▸ **Collected material**:
====================
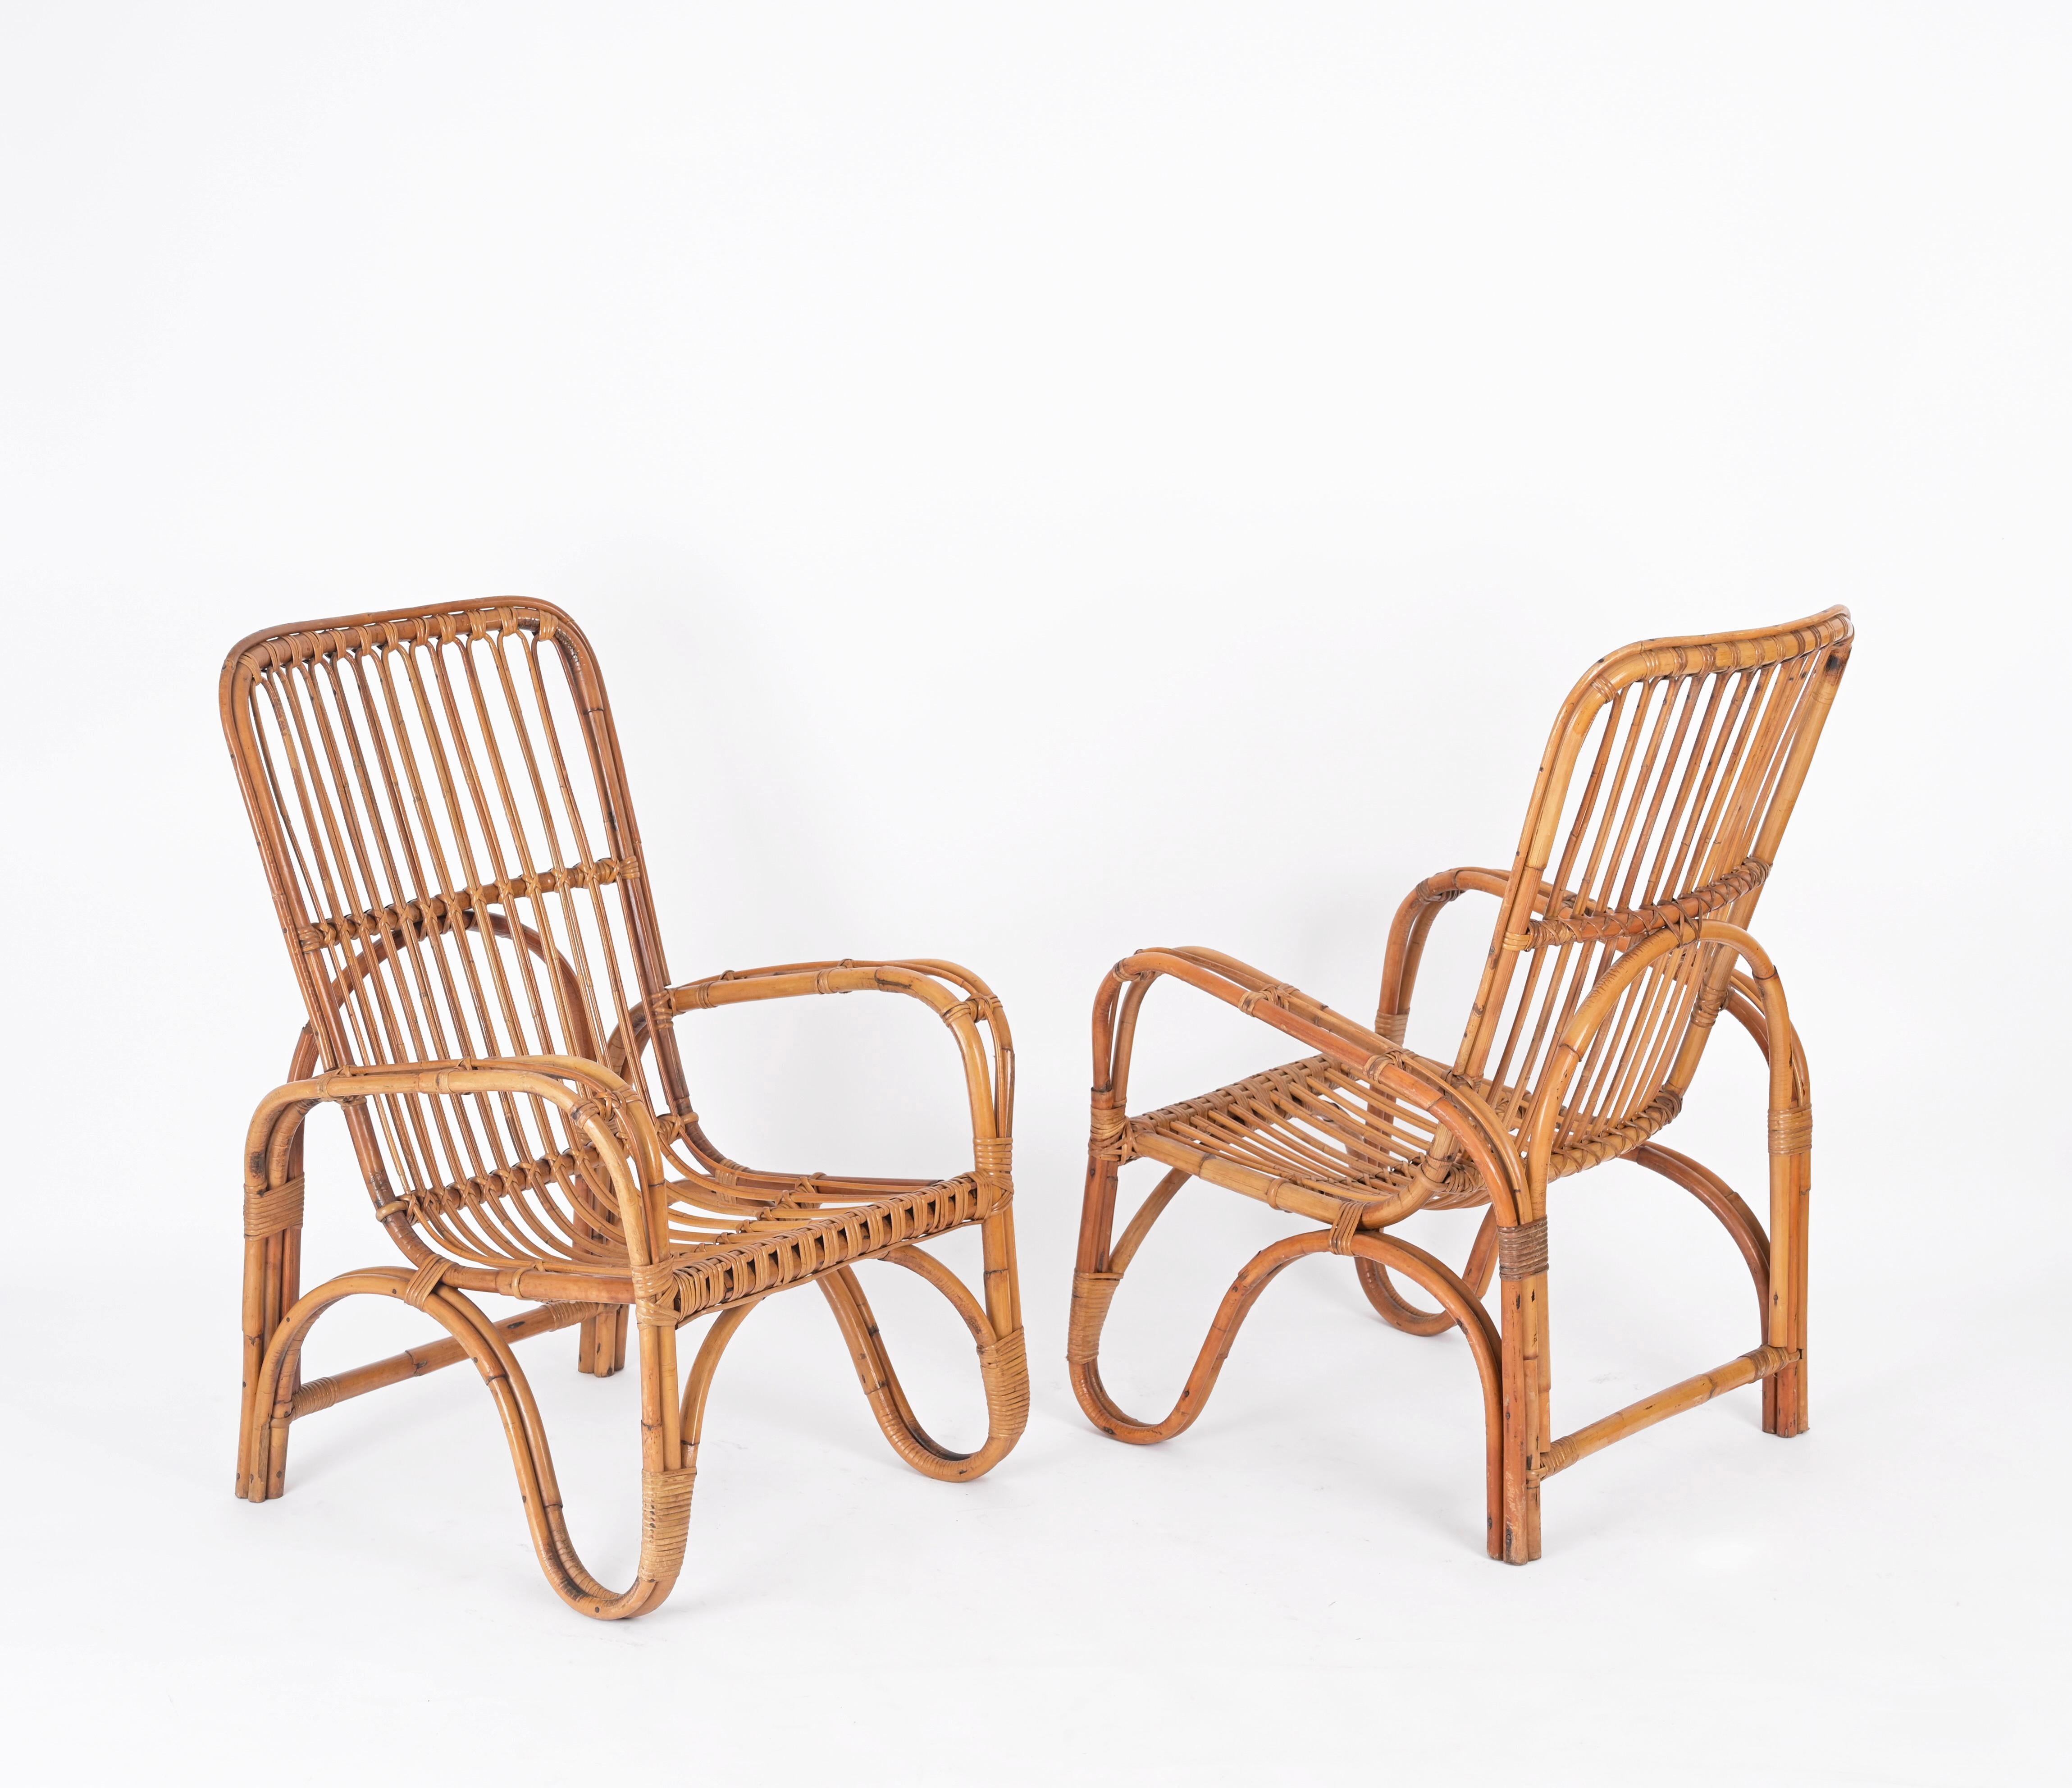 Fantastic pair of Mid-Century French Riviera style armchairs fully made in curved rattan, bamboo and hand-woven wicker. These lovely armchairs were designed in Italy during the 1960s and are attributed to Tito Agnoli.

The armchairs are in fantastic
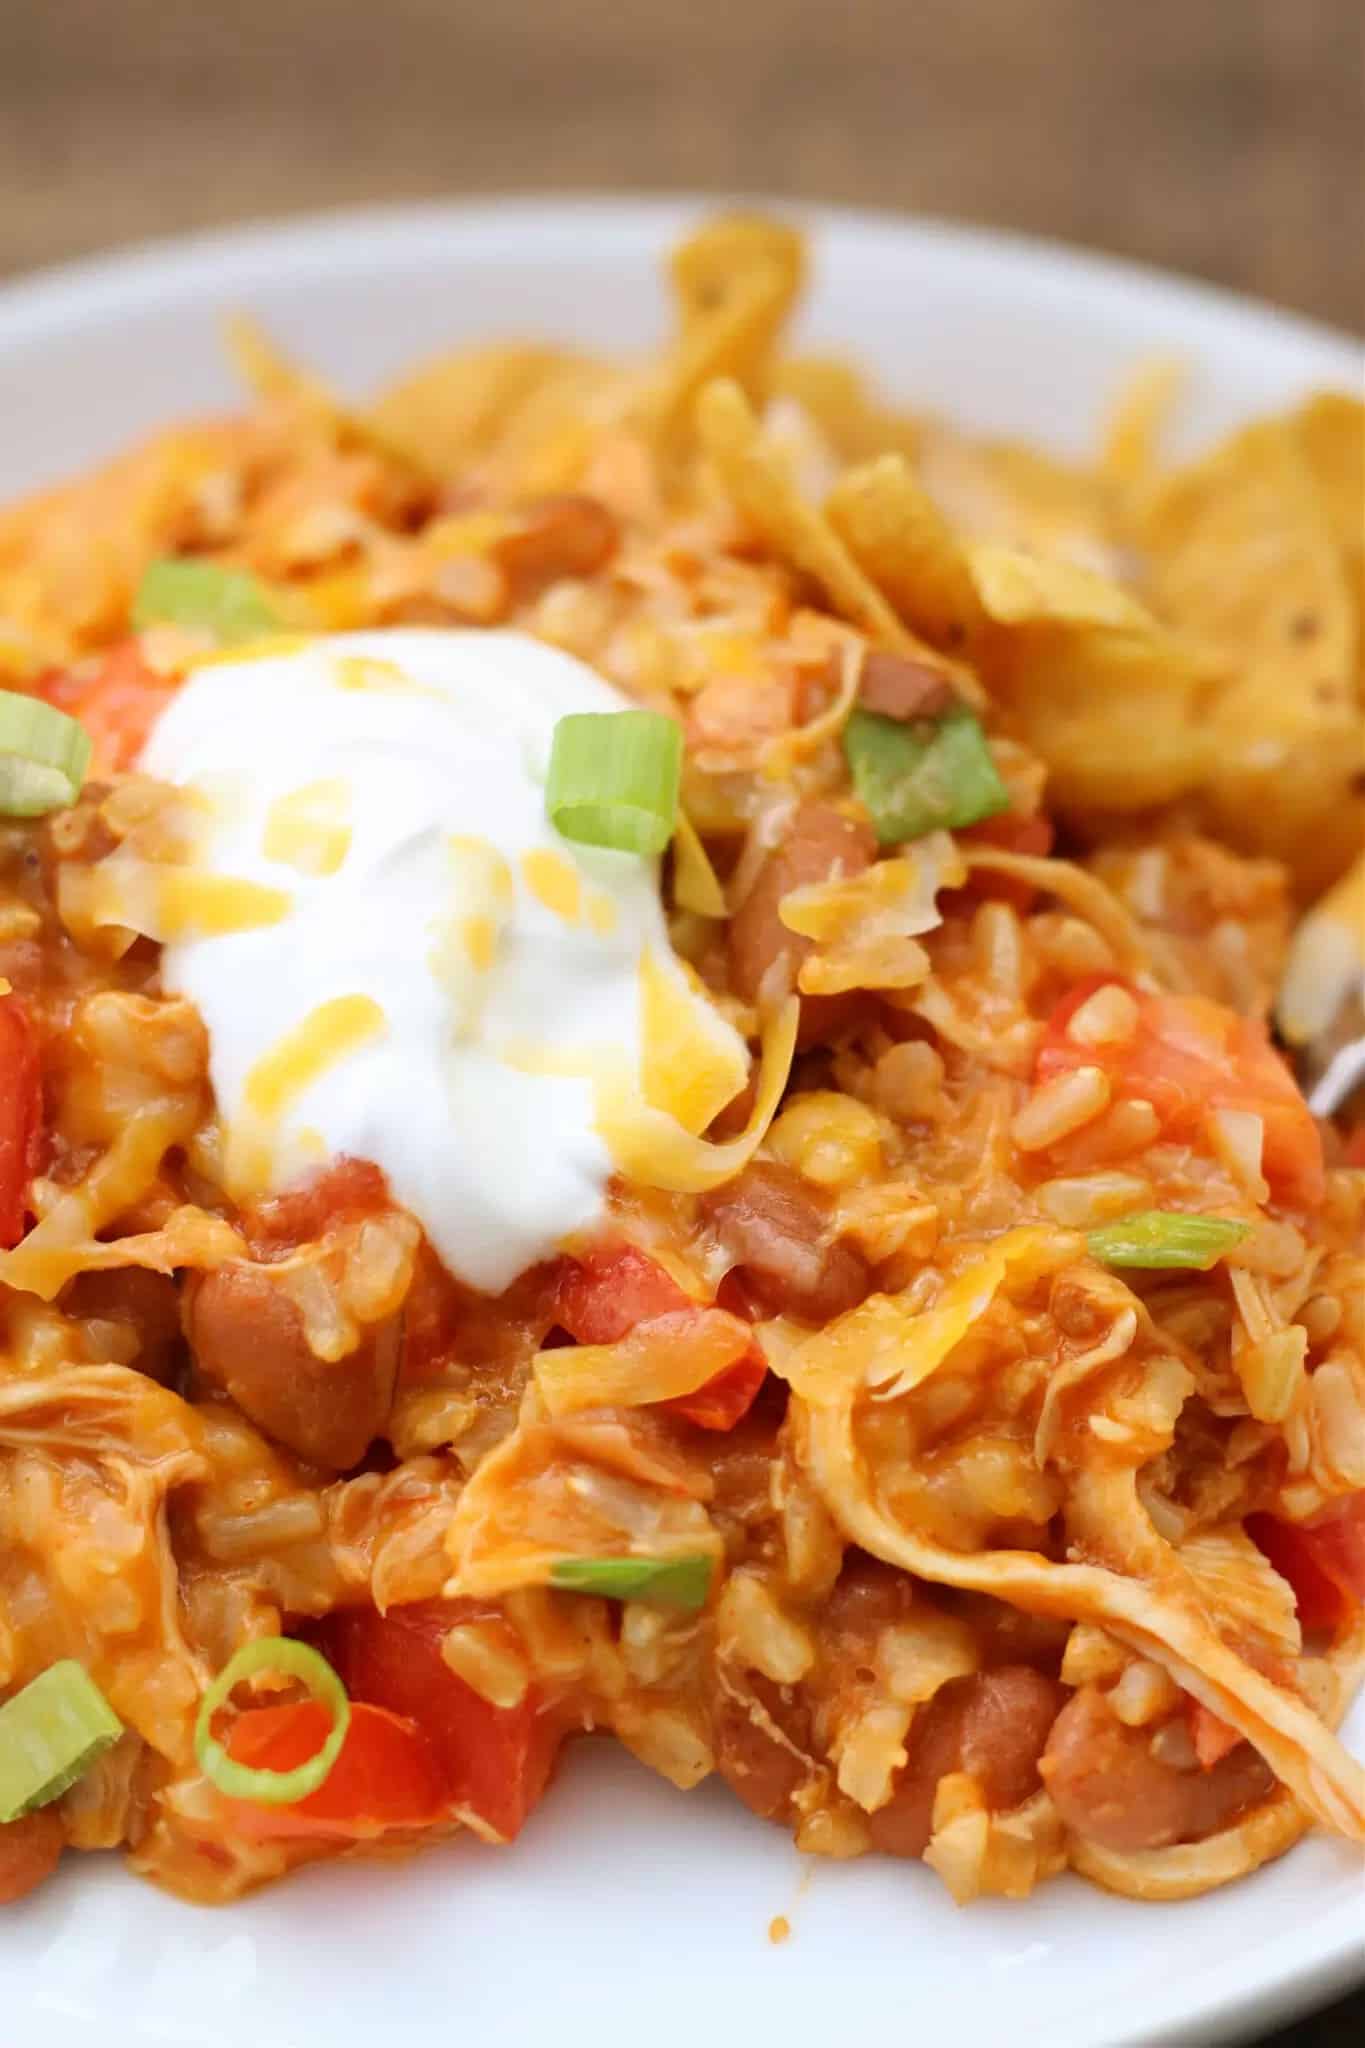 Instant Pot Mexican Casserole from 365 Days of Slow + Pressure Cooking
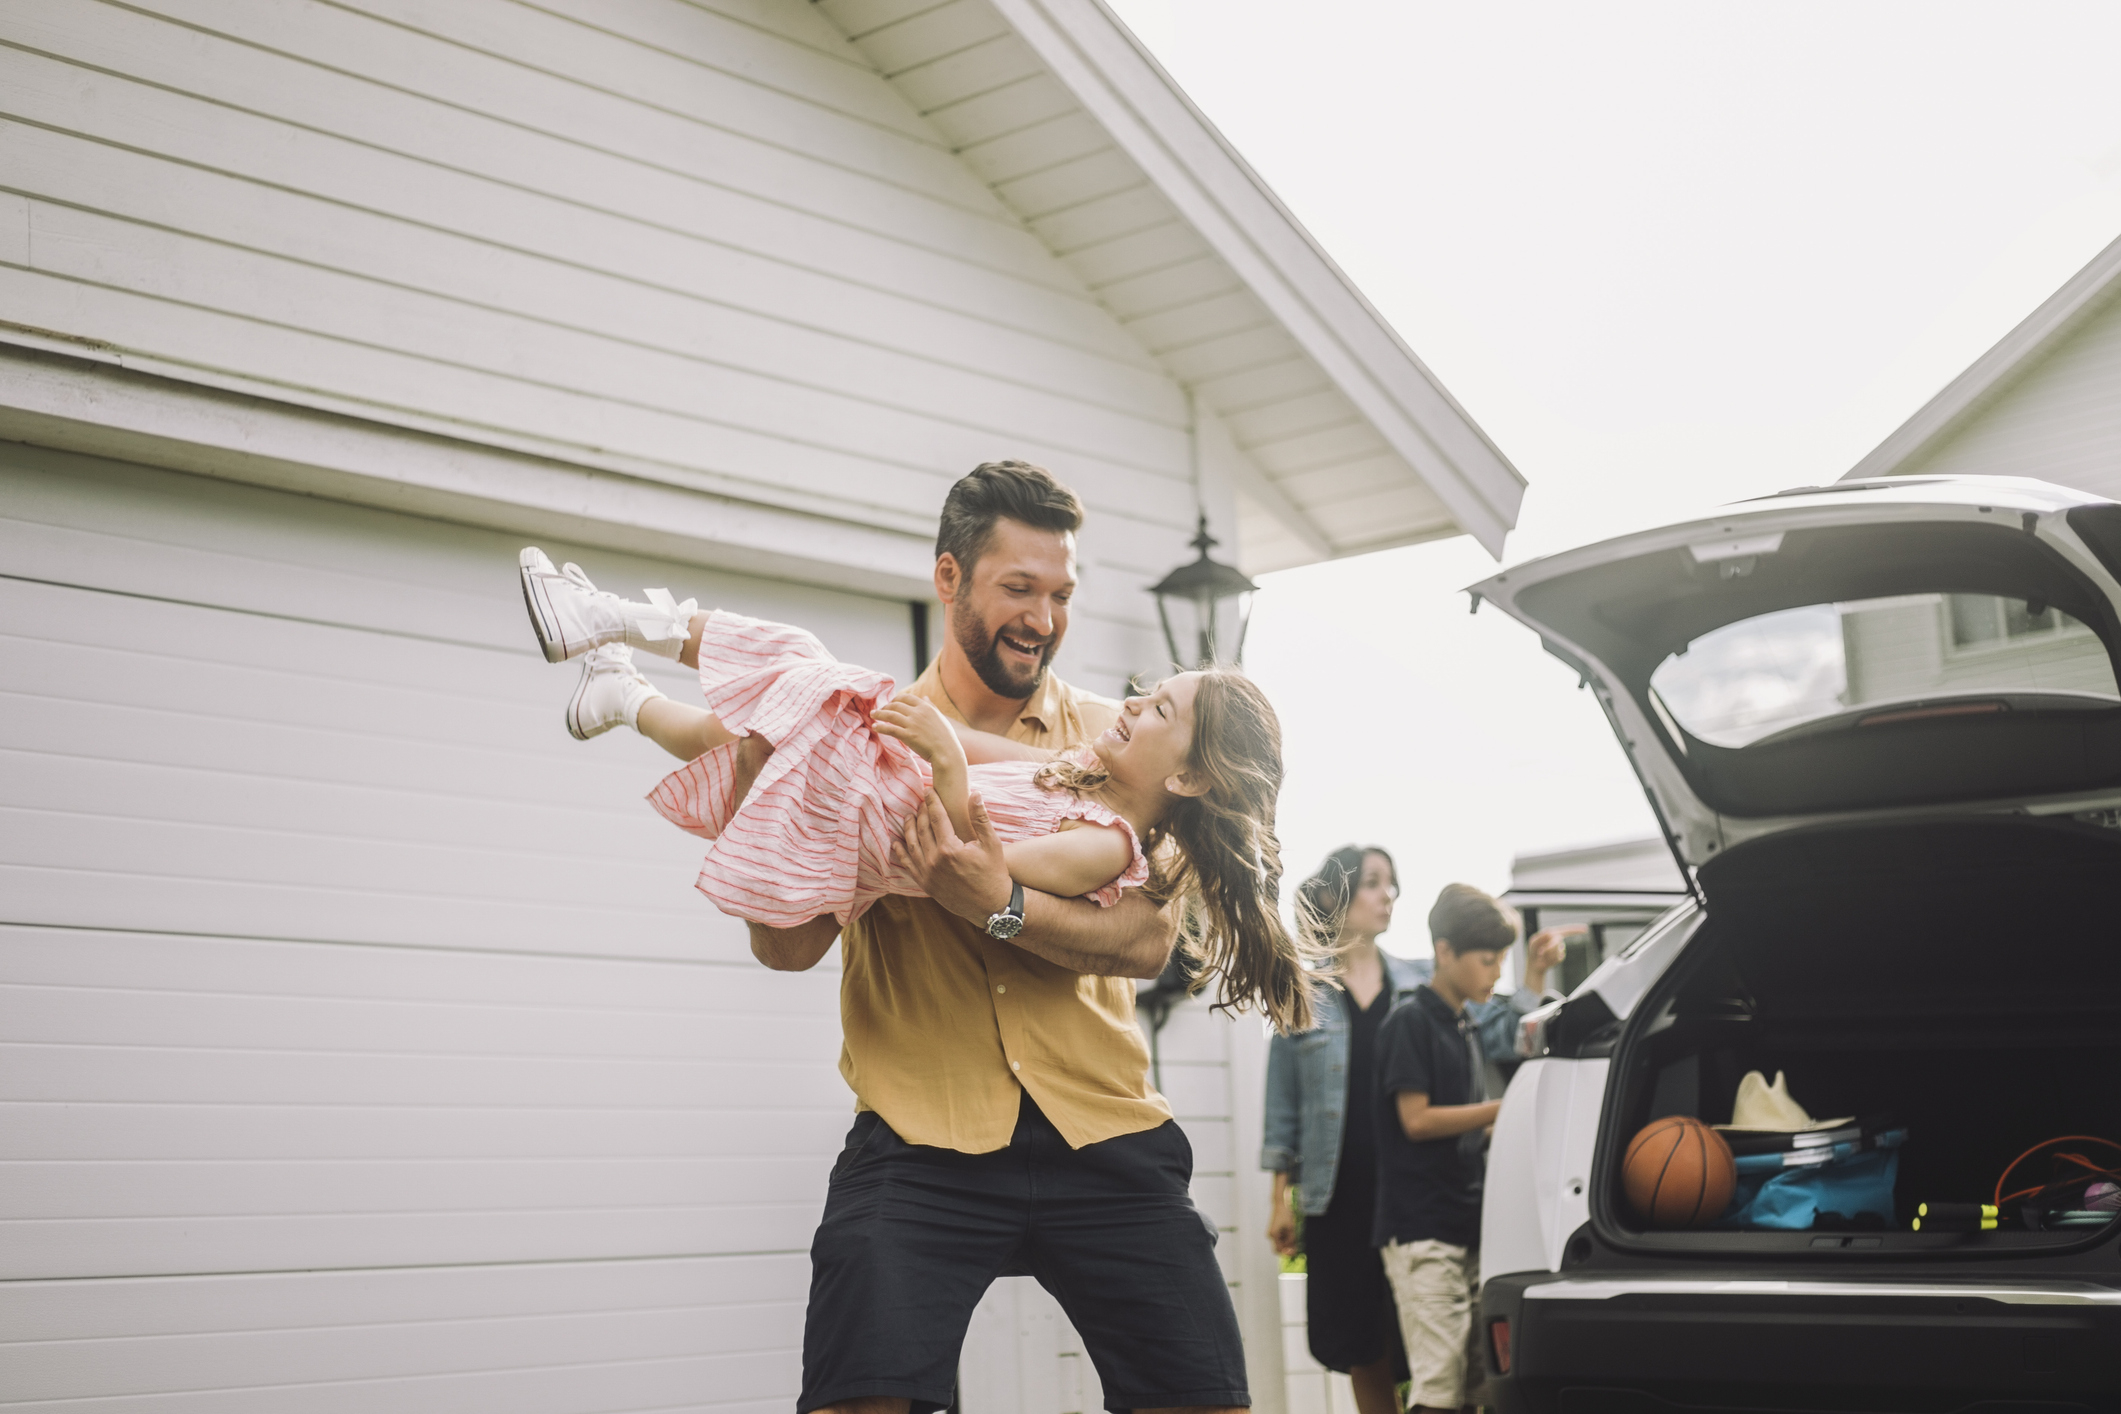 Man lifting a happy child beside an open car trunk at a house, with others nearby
====================
▸ **Problem**: This exercise asks for an exact copy of the lines from the first one in the data through the line that contains "The armchairs are in fantastic", pictures excluded.

▸ **Answer for this exercise**:
 Fantastic pair of Mid-Century French Riviera style armchairs fully made in curved rattan, bamboo and hand-woven wicker. These lovely armchairs were designed in Italy during the 1960s and are attributed to Tito Agnoli.

The armchairs are in fantastic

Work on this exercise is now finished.